# First smoke - 7lb pork butt



## kyletn (May 10, 2015)

Finally got a chance to try out my new Smoke Vault yesterday with a nice 7lb pork butt.  It was coated with mustard & a nice rub from a recipe found online & sat in the fridge overnight.  After bringing the smoker to temp, the butt went on about 6am.  I used a combination of cherry & applewood chunks.  Since I had the temp probe in the whole time, I watched carefully & it passed 140 deg at about 3 1/2 hrs in.  Here it is at about 6 hours:













BB23F247-5DD5-4596-950E-A9A6CD613381_zpssa1fgwh8.j



__ kyletn
__ May 10, 2015






Since this was my first smoke, I deliberately did NOT plan to feed anyone else, so I didn't have hungry guests waiting for it to be done.  I was hoping for the "approximate" 1.5 hrs/lb smoking time, but learned that its pretty much a wild *ss guess when it'll be done.  The butt hit a stall around 9 hrs in at about 168-170 deg & stayed there for about 2 1/2 hrs.

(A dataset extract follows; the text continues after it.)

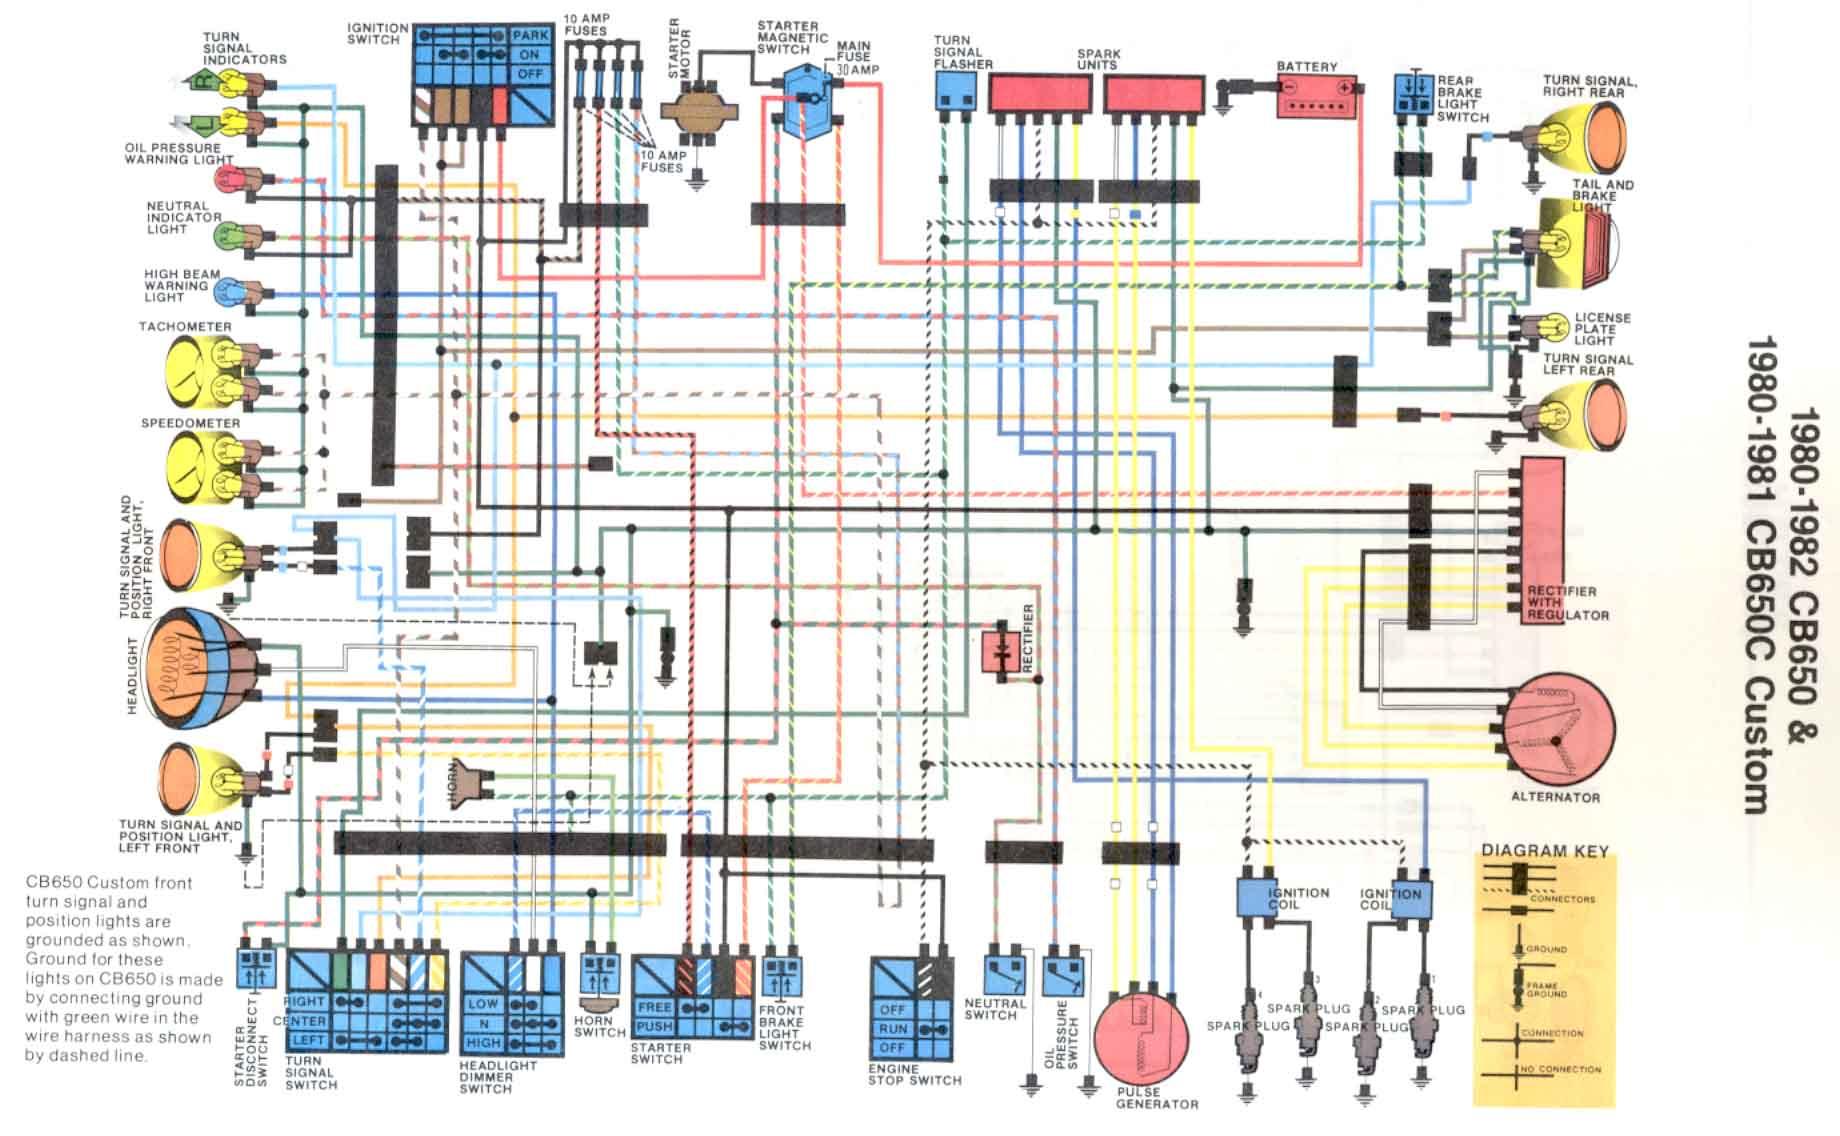 kawasaki kz1000 wiring diagram wiring diagrams clicks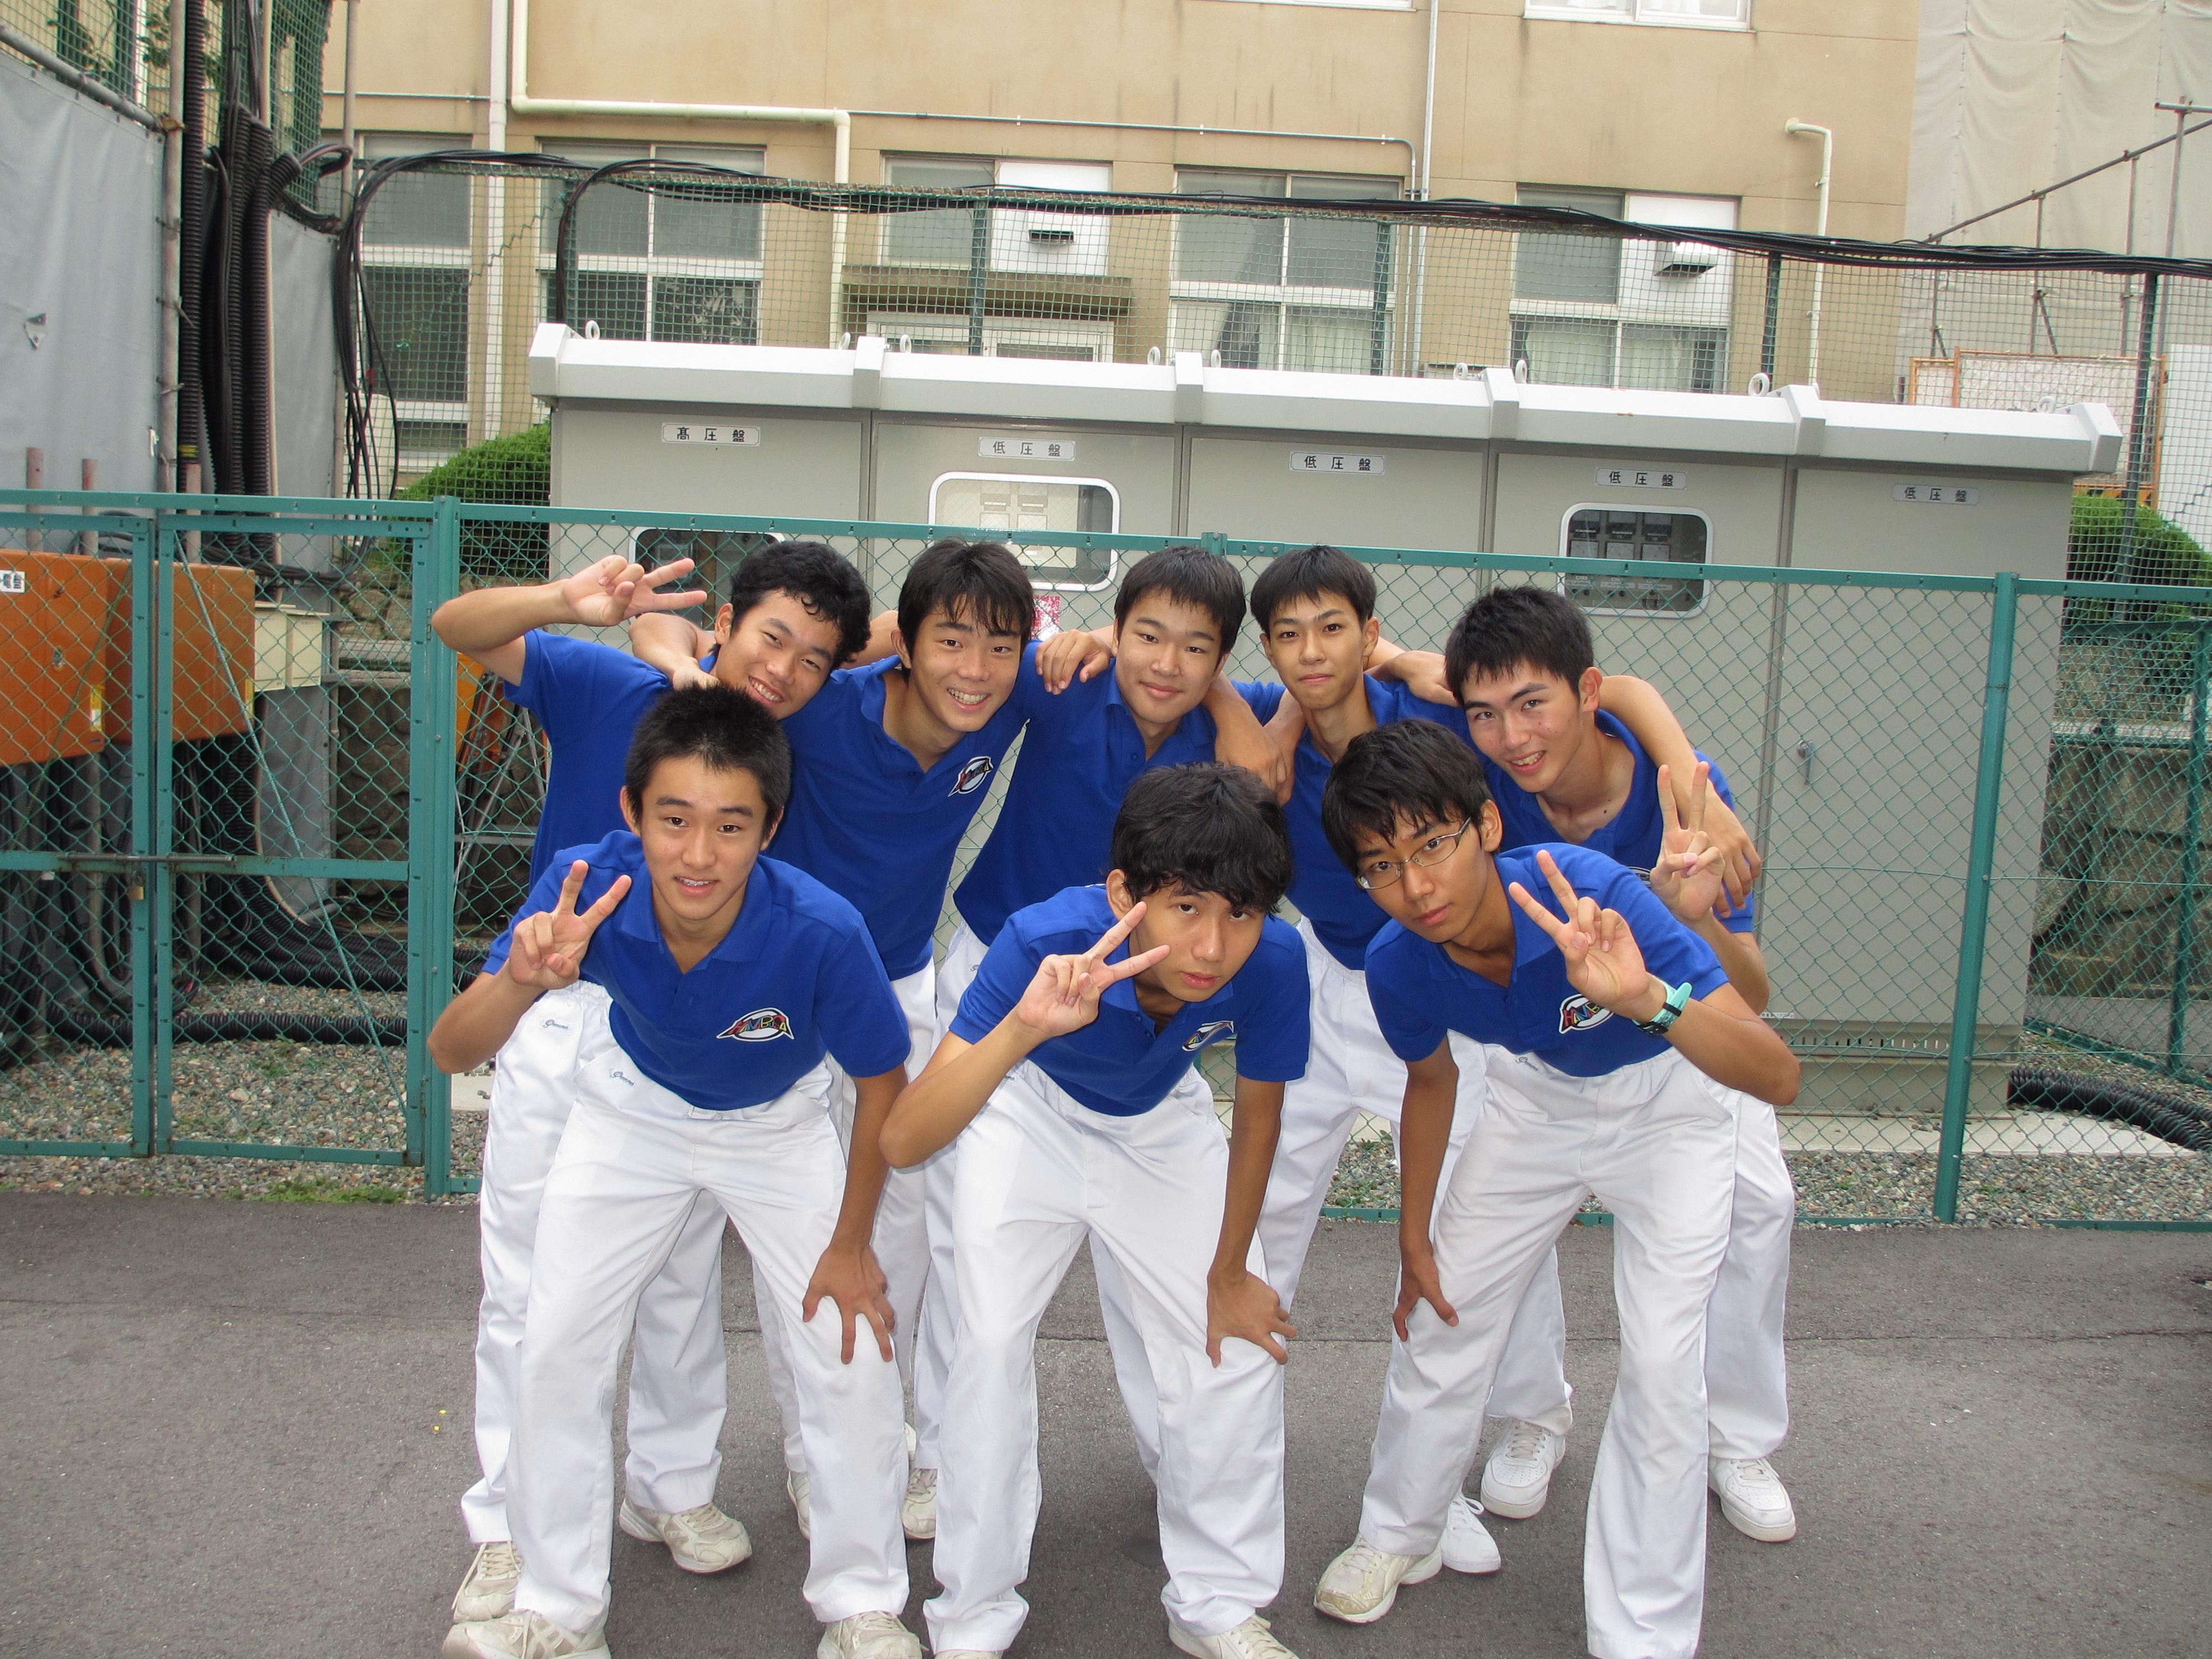 中学生〜高校生の男が好きなショタコン集合 Part6YouTube動画>39本 ->画像>309枚

Once it started to move again, I foiled it at about 180 and finally took it out at about 196 (the boss was getting hungry!)  Total cook time was 13 1/2 hrs & the final result was very moist and tasty!













C10BFD5D-CBA2-44EF-9A63-4679A3B8EA23_zpsrsvozrtq.j



__ kyletn
__ May 10, 2015





  













A51A2F19-4AC2-4ADC-B41F-69D833EB5306_zpszrjq1niv.j



__ kyletn
__ May 10, 2015






Lessons learned:

- As others have noted, the control dial on the CCSV is very sensitive.  All you have to do is barely turn it to move the temp.  Mine seemed to want to hang out between 235-245 deg & I was OK with that.  May have to check out adding a needle valve to the regulator.

- I was hoping that allowing 12 hrs for what "should" have been a 10 1/2 hr smoke would allow us to eat about 6.  I'll be smoking 2 butts over July 4 for company that the wife wants to feed about 1pm.  I think I'll allow the 2 hrs/lb + 2 hr buffer that I saw another member here suggest.

- First timers: read as many threads here as you can stand first, & you'll be prepared to make great BBQ!


----------



## bellis309 (May 10, 2015)

Always a great idea to do a test tun to give yourself an approx baseline of how things work. Looks like you did a great job!


----------



## rmmurray (May 10, 2015)

Kyle, great first smoke. Heck, great smoke period. Good for you. The nice thing about a pork butt is that after it's done, you can always wrap it and stick it in an empty cooler filled with towels and it will stay warm for 2 - 4 hours. Better to plan ahead and be done early then to have hungry guests waiting. Enjoy that pulled pork. 
:points1:
-Ryan


----------



## themule69 (May 10, 2015)

Fine first smoke. Check to see if your gauge is correct as most are NOT. As said above you can hold it in a cooler wrapped with foil and towels for hour. You can also smoke and pull the day before and reheat. It will be as good as the day you first smoked it.

Happy smoken.

David


----------



## kyletn (May 10, 2015)

themule69 said:


> Check to see if your gauge is correct as most are NOT.


Thats something that I learned from my pre-smoke reading.  I used my Thermapen TW8060 to monitor the smoker temp & the meat, but the built in gauge is only off by about 10 deg.


----------